In the six most affected provinces, home to more than 26 million people, hospitals were overwhelmed with 556,945 cases of people with smoke-related respiratory tract issues between July and the end of last month — nearly three times the normal rate, according to the Indonesian Ministry of Health.
Late last month, the Pollution Standards Index hit a record high of 3,300 in Central Kalimantan Province in Borneo, the giant island that Indonesia shares with Malaysia and Brunei. Anything above 300 is deemed hazardous.
Rosita Rossie, a coordinator at Riau’s provincial health office, said that when the pollution index rose higher than 300, many clinics and hospitals in the province of 6 million provided 24-hour service, with some sending health workers into remote areas to meet needs there.
The Indonesian National Disaster Mitigation Agency recorded 21 fire-related fatalities, including burns, pneumonia, asthma and meningitis aggravated by upper respiratory tract infections.
Nearly 20,000 schools had to close in the worst-hit provinces, affecting about 2.4 million students.
The fires also likely killed many endangered or threatened species, including orangutans and Sumatran rhinos, said Rosichon Ubaidilla, an animal taxonomy expert who heads the Zoology Center for Biological Research at the Indonesia Institute of Science.
Researchers and local residents are scrambling to protect the estimated 50,000 wild orangutans that live only on Borneo and Sumatra.

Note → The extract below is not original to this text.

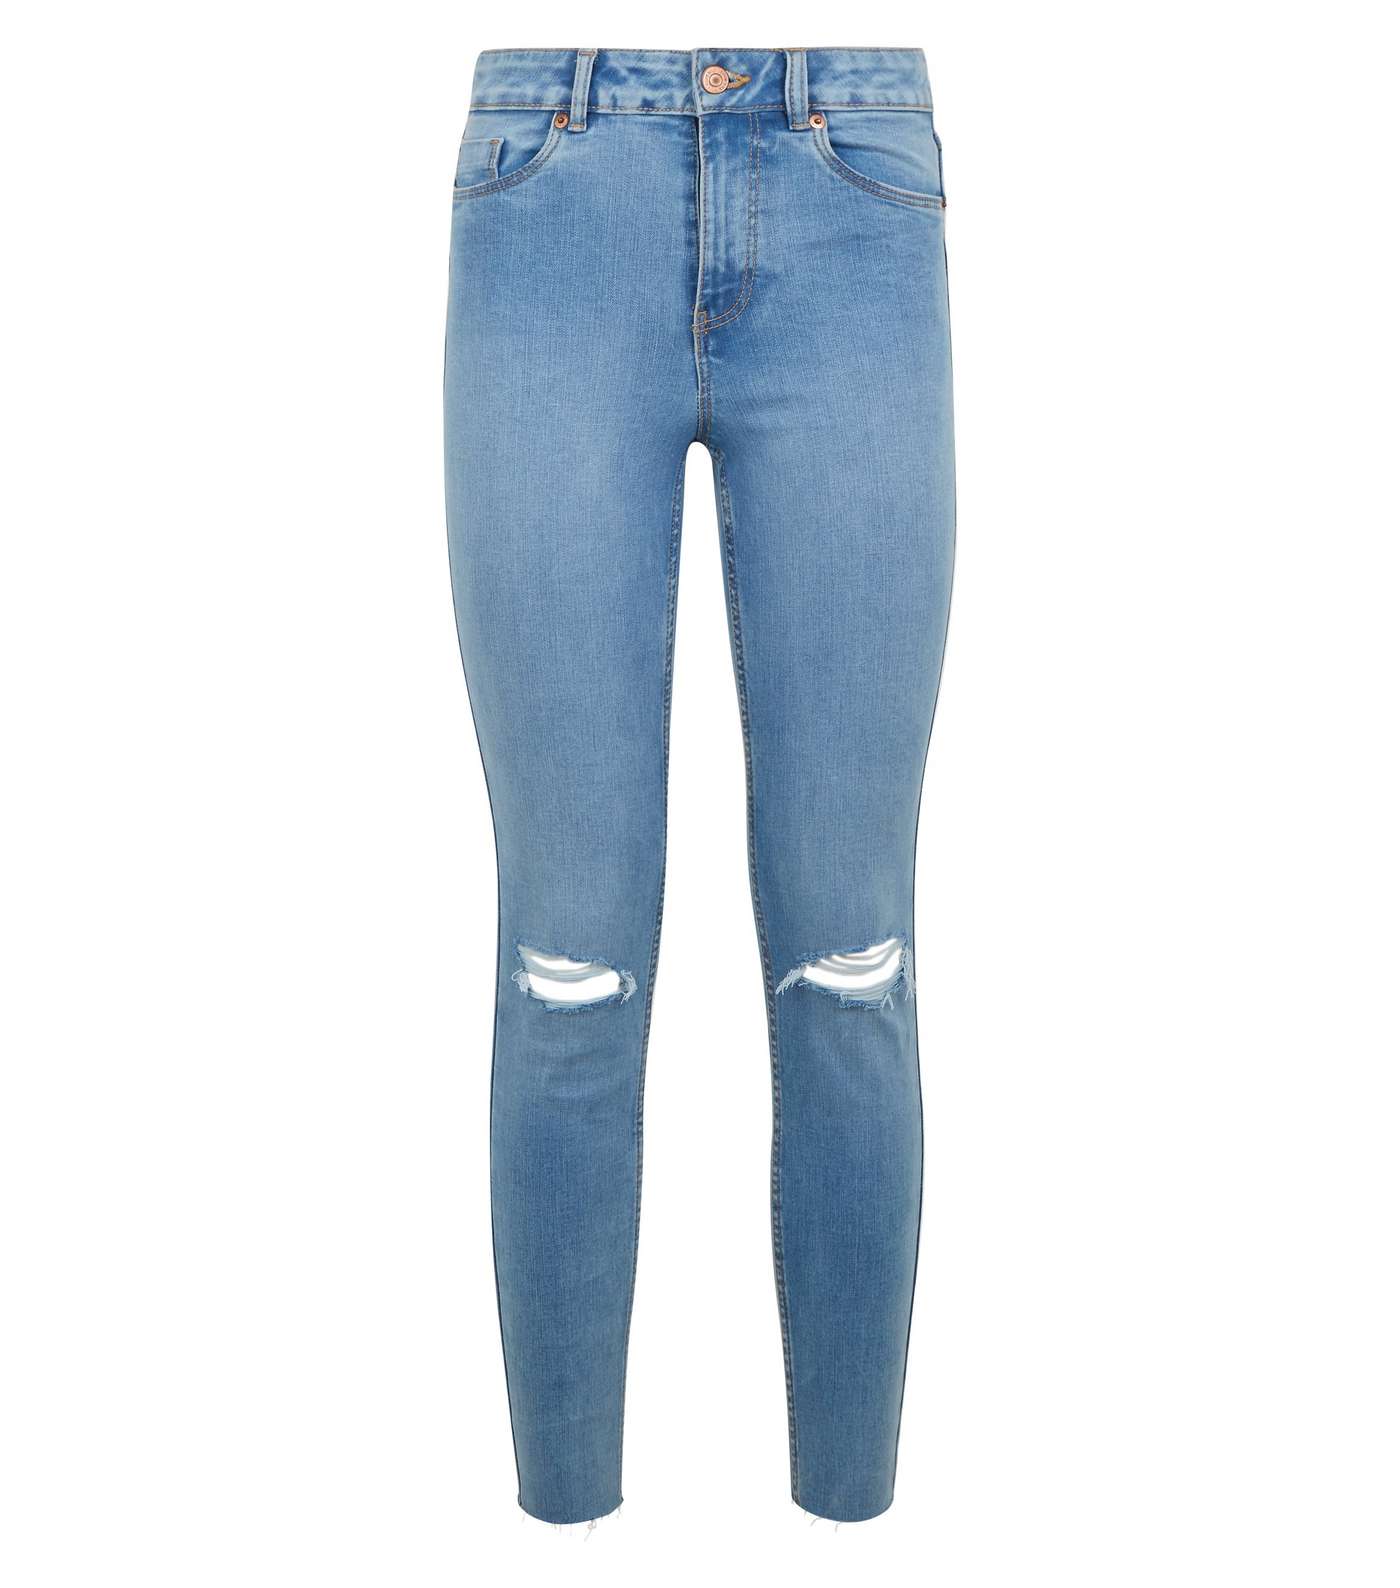 Pale Blue 'Lift & Shape' Ripped Skinny Jeans Image 4

The apes must cope with not only the destruction of their habitat, but also respiratory problems, said Raffles Panjaitan, director of forest and land fire control at the Indonesian Ministry of Environment and Forestry.

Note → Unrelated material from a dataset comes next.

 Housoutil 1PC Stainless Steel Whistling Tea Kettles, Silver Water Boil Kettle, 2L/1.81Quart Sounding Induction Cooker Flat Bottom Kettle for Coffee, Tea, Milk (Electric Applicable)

The fires have also sent enormous amounts of greenhouse gas emissions into the air. Much of the forests lost were peatland, which stores a particularly large amount of carbon.
Research by the Center for International Forestry Research found that, in 2012, forest fires in Riau Province alone released between 1.5 billion and 2 billion tonnes of carbon emissions in just one week — up to 10 percent of Indonesia’s total annual emissions, said Sofyan Kurnianto, a scientist with the group and the lead author of the study.
Indonesia’s US$9 billion estimate of the damage caused by the fires excludes emissions.
Willem Rampangilei, head of the disaster mitigation agency, said the tentative number is based on World Bank data from 2013 that focused only on Riau Province. The vast majority of the financial losses were in forestry, agriculture and manufacturing.
To fight the fires, Indonesia used everything from helicopters to elephants outfitted with water pumps and hoses. Russia leased two amphibious jets, while Singapore, Malaysia, Australia and Japan also sent aircraft, firefighters or chemicals and experts to help out. More than 30,000 soldiers and firefighting personnel were deployed, and the disaster agency spent US$36.5 million. Ultimately, it was seasonal rains that ended this year’s crisis.
Indonesian President Joko Widodo said he was “ashamed” that authorities failed to prevent the fires. He ordered law enforcement agencies to punish perpetrators, including revoking forest concessions and blacklisting those responsible.
The government is drafting new regulations to stiffen penalties, reduce haze pollution and avoid forest fires. However, Widodo has also asked for patience in tackling the problem for good, that Indonesia needs three years to solve it. Malaysia has said that is not fast enough.